Alguns estudos partem de dimensões orientadoras; outros constroem categorias durante a análise. O projeto deve distinguir perguntas do roteiro, conceitos sensibilizadores e categorias analíticas finais. Antecipar respostas rígidas pode impedir que a experiência dos participantes seja realmente examinada.

Variável sem definição

“Será avaliada ansiedade dos estudantes.”

Operacionalização rastreável

“Sintomas ansiosos serão representados pela pontuação total do instrumento X, aplicado segundo suas instruções; categorias serão usadas apenas se sustentadas pelo manual ou estudo de validação adotado.”

Agora aplique

Construa uma linha completa do quadro

  1. Escolha o desfecho principal.
  2. Defina-o conceitualmente.
  3. Declare exatamente como será observado.
  4. Indique fonte, tipo, unidade ou categorias.
  5. Explique qual objetivo utilizará esse dado.
Checklist da etapa

Antes de considerar esta parte concluída

0 de 5 itens verificados

Referências e leituras

  1. BAPTISTA, Makilim Nunes; CAMPOS, Dinael Corrêa de.
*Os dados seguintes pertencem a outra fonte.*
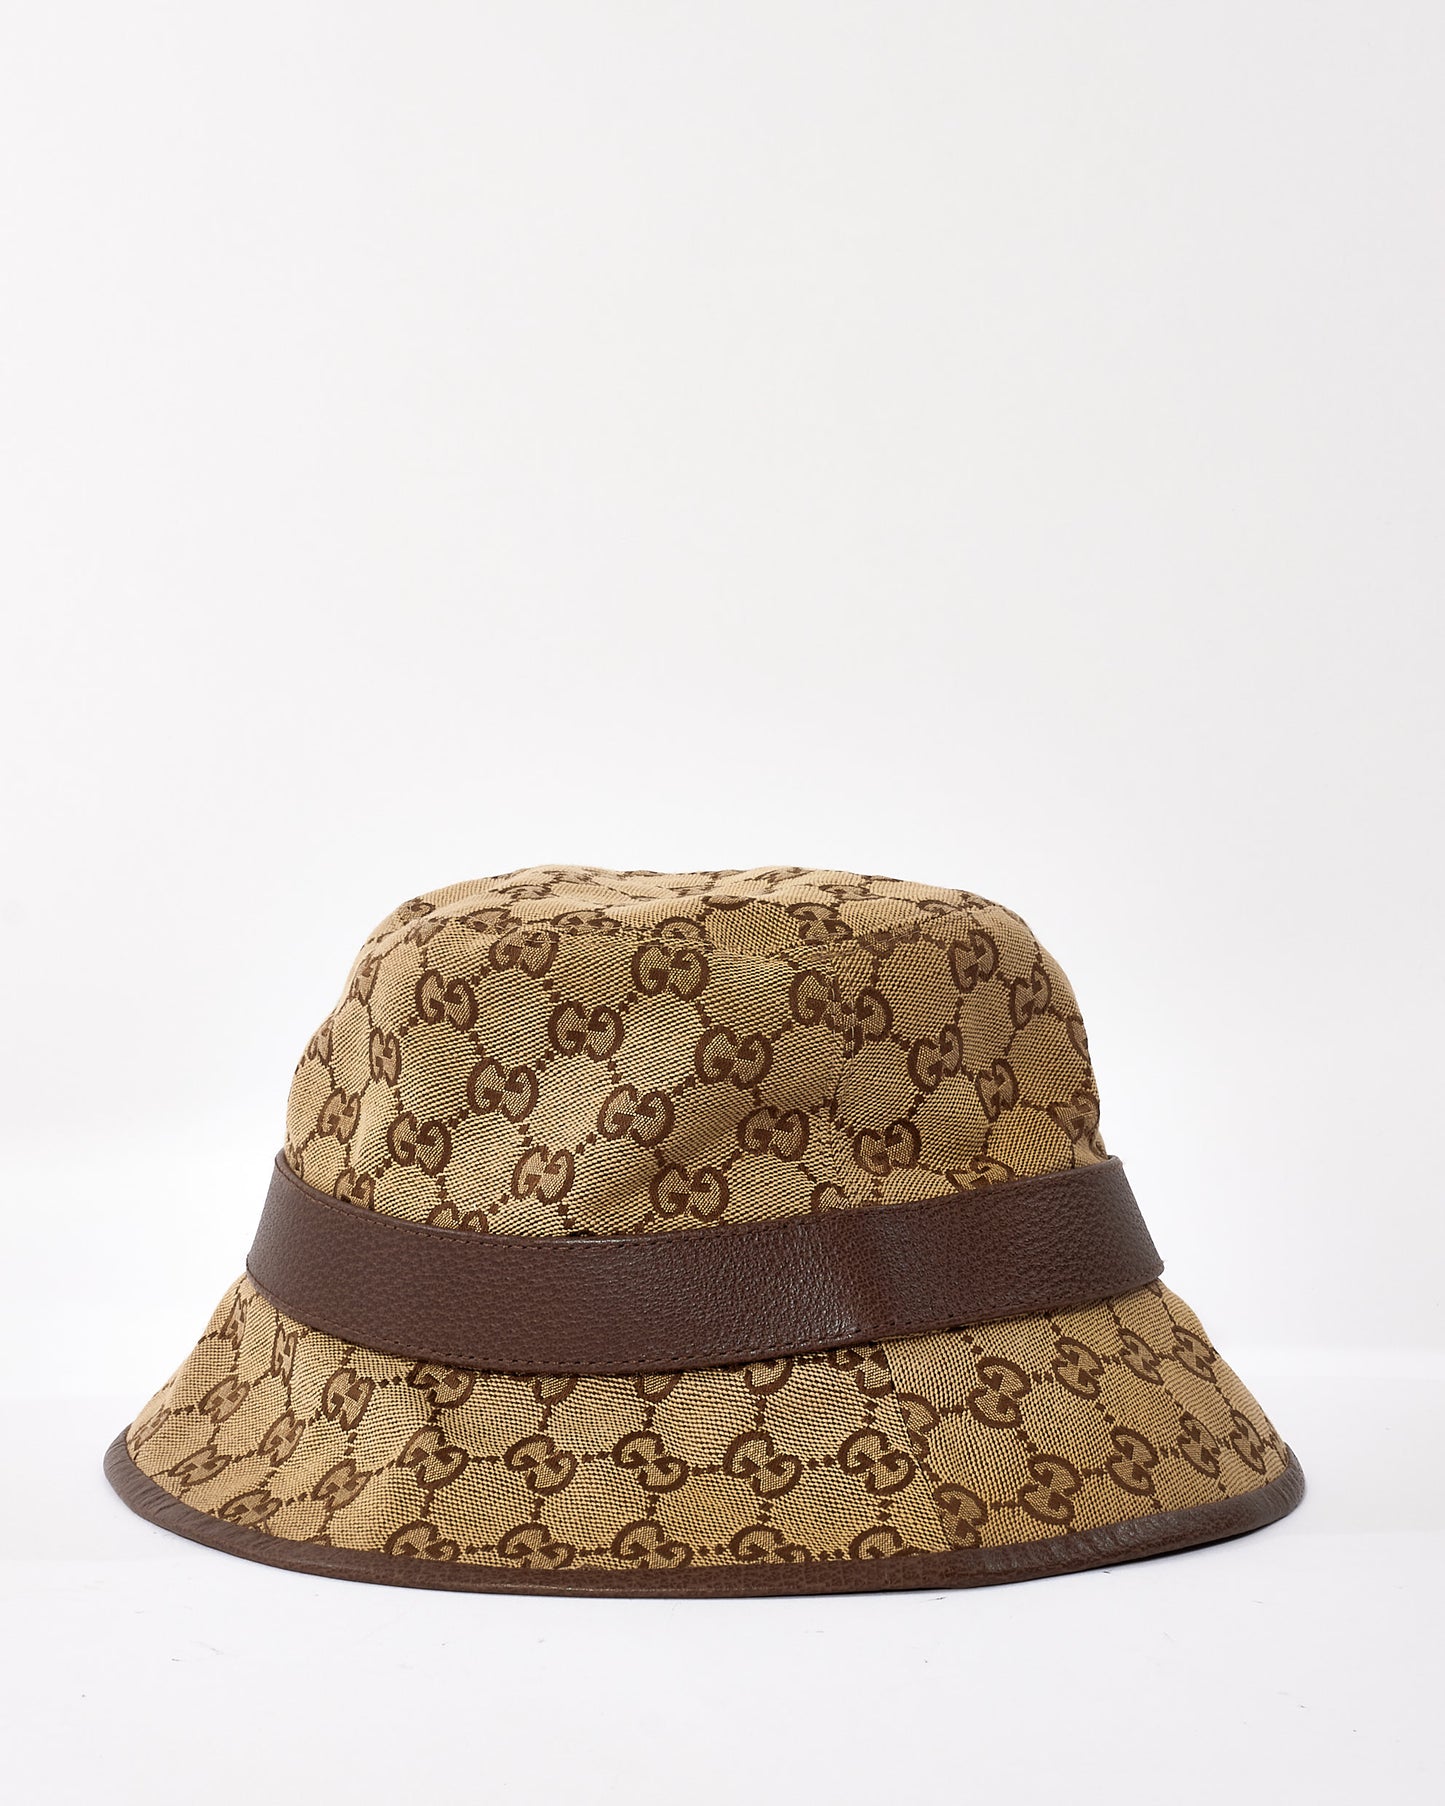 Gucci Beige/Brown GG Canvas Bucket Hat - M

Metodologias de pesquisa em ciências: análises quantitativa e qualitativa. 2. ed. Rio de Janeiro: LTC, 2016.Ver registro editorial
  2. LAKATOS, Eva Maria; MARCONI, Marina de Andrade. Técnicas de pesquisa. 9. ed. São Paulo: Atlas, 2021.Ver registro editorial
  3. VIEIRA, Sonia; HOSSNE, William Saad. Metodologia científica para a área de saúde. 3. ed. Rio de Janeiro: Guanabara Koogan, 2021.Ver registro editorial
Conexão com o projeto do grupo

Da aula para o template

Produção deste momento

Quadro de operacionalização

Conceitos, papéis analíticos, definições operacionais, fontes, escalas, categorias e momentos de medida.

Onde isso aparece

Maturidade esperada: Operacionalização inicial completa; pontos de corte e instrumentos dependerão de fontes e licenças verificadas.

Orientação para o grupo

Construa no Drive uma tabela com nome, papel, definição, fonte, tipo, unidade ou categoria, codificação e momento de medida.

O site conduz a aprendizagem. O documento compartilhado no Drive continua sendo o registro oficial das versões do grupo.